A History of Chinese Literature
Book by Herbert Giles
From Wikipedia, the free encyclopedia
A History of Chinese Literature is a history of Chinese literature written by Herbert Giles and published in 1901.
![]() Title page for A History of Chinese Literature (1901) | |
| Author | Herbert Giles |
|---|---|
| Language | English |
| Subject | History |
Publication date | 1901 |
| Publication place | British |
| Pages | 448 |
Although there had been surveys of Chinese literature in Japanese, it was the first such survey to appear in English.[1] In his preface, Giles claims that such a work of history was not already available, even in Chinese,[2] since Chinese scholars realized the "utter hopelessness" of "achieving even comparative success in a general historical survey of the subject". But he adds that "It may be said without offence that a work which would be inadequate to the requirements of a native public, may properly be submitted to English readers as an introduction into the great field which lies beyond". A large part of the book is devoted to translations, "enabling the Chinese author, so far as is possible, to speak for himself".[3]
Reception and influence
The scholar and writer Lin Yutang commented that "'History of Chinese Literature' was a misnomer; it was a series of attempted essays on certain Chinese works, and was not even an outline covering the successive periods.” [4]

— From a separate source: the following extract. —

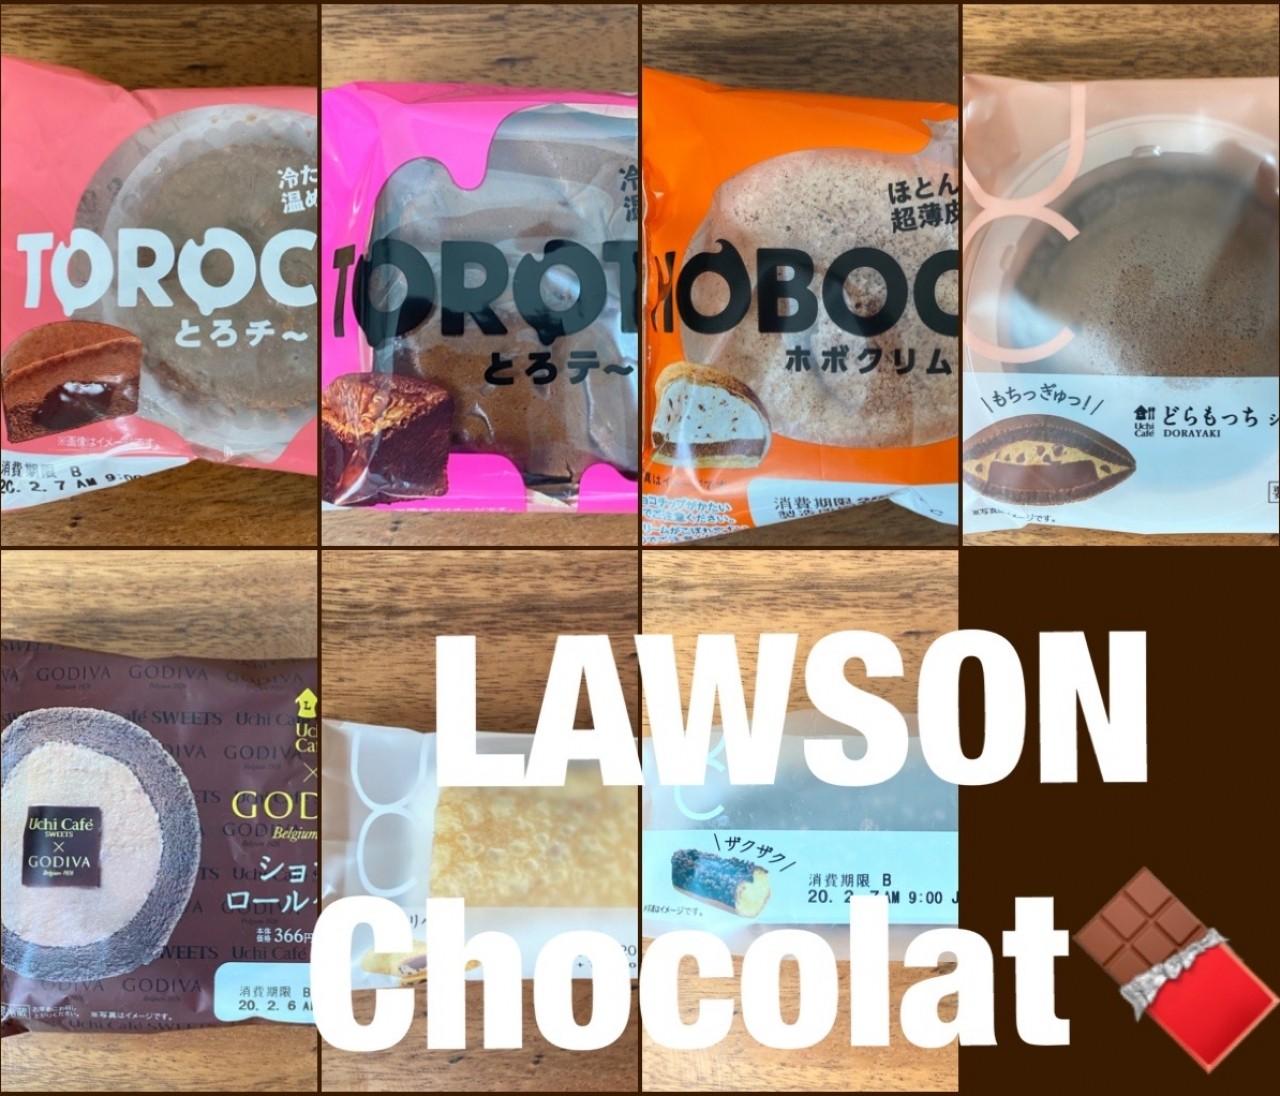 バレンタインだから♡【ローソン(LAWSON)】超人気コンビニスイーツ7選が期間限定でチョコレート仕様に!

Qian Zhongshu noted what he called an "amusing mistake" in Giles' "very readable book." Giles:
- Giles gives a complete version of Ssu-k'ung Tu's 'philosophical poem, consisting of twenty-four apparently unconnected stanzas'. This poem, according to Professor Giles, 'is admirably adapted to exhibit the forms under which pure Taoism commends itself to the mind of a cultivated scholar.' This is what Professor Giles thinks Ssu-K'ung Tu to have done, but what Ssu-K'ung Tu really does is to convey in imageries of surpassing beauty the impressions made upon a sensitive mind by twenty-four different kinds of poetry—'pure, ornate, grotesque', etc.[5]
Ezra Pound used Giles' translations as the basis for what have been called his English "translations of translations".[6]
Editions
- Giles, Herbert A. (1901), A History of Chinese Literature, New York and London: Appleton Available online at: Google Books; A History of Chinese Literature Internet Archive; A History of Chinese Literature Project Gutenberg.